As humanity sticks more and more high-density batteries in everything, demand for lithium and cobalt in particular has grown enormously. Pressures on ecosystems and local indigenous communities, as well as the exploitation of child labour, represent the worst indulgences of capitalism and colonialism that people might normally associate with centuries past, not the 2020s.
In 2023, there were around forty lithium mines around the world, concentrated in Chile, Argentina, China and Australia. With demand at its current trajectory, this number will need to rise to as many as seventy-five mines by 2035. Production of lithium has more than quadrupled since 2010. As demand drives prices ever higher, the big players will stop at nothing to dump more lithium onto the market. What impact will this have on the ecosystems and communities neighbouring these mines? And given the majority of the materials are being extracted for goods sold in the global north, to what extent does this rush for minerals represent a new wave of colonialism?
Perhaps a more constructive question is: What are the alternatives to just expanding the consumption of minerals?
Research work by Professor Thea Riofrancos and the Climate & Community Project gives us the answer. The difference between the worst- and best-case consumption scenarios represents a 92% reduction in lithium demand by 2050 for the US alone. This is only achievable if private vehicle sizes are limited, numbers are reduced and public transport alternatives are greatly ramped up.
Not all electric vehicles are created equal, and most government policies of like-for-like replacement of internal combustion engine cars with battery electric cars are a road to ruin, so to speak. While an electric bike requires around 0.02 kg of lithium and an electric bus requires around 0.5 kg of lithium per rider, small cars require 1.6 kg and large SUVs require as much as 5 kg per rider.
Meanwhile, conventional electric trains powered by overheads require next to zero lithium in their manufacture. Yet politicians in anglosphere countries, more than anywhere else, are desperate to dispense with the tried, tested and highly efficient overhead electrification that railways have relied on for over a century, instead opting for the use of batteries as a perceived cheaper alternative.
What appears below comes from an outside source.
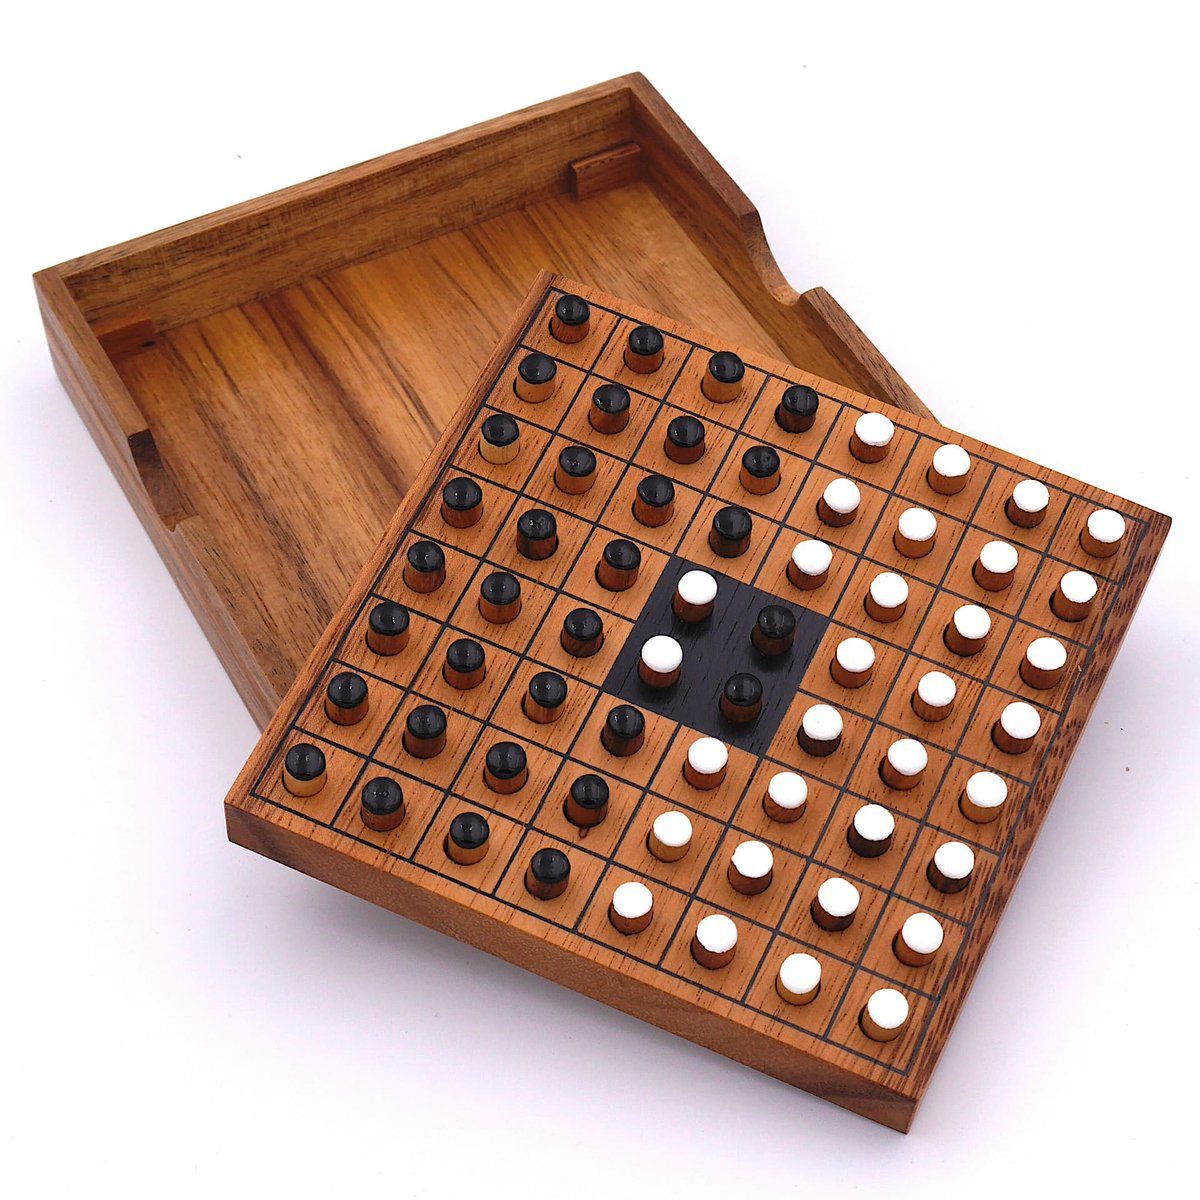 Interessantes Brettspiel Denkspiele – Holz, Reversi Holzspiel ROMBOL 2 aus Spiel, weiß/schwarz Personen Strategiespiel edlem für

Lithium is only one example among countless others, including refined or processed materials such as plastics, rubbers, lubricants, cement, steel and so on. Not only are such resources finite, but their extraction or manufacture has environmental and carbon implications – significant implications if we think of concrete and steel manufacture.
One of our most precious resources is space – the sprawl of human development has fragmented and flattened our biosphere, and this has only accelerated as we have embedded car dependence into our built environment in the last three-quarters of a century.
Making better use of the space we’ve already occupied and limiting how much more we take up are surely prerequisites of any sustainable transport plan. And thanks to their resource and space efficiency, deploying railways at a far greater scale than today is how we get our space back.
Gareth Dennis is a railway engineer and commentator. How the Railways Will Fix the Future: Rediscovering the Essential Brilliance of the Iron Road is published 12 November.
Might start writing a book titled "How Density Will Fix the Future: Rediscovering the Essential Brilliance of Existing Together". Everything follows densification of land use. No-one's going to give up their personal motorised transport of whatever propulsion tech if they live on a noddy estate three miles up the road from a station along a dual carriageway. The case for further major investment in rail (or more properly, Mass Transit) in this country falls apart without it.
Bravo! A fantastic and important post! Can't wait to read your new book and the upcoming one by Gareth Dennis.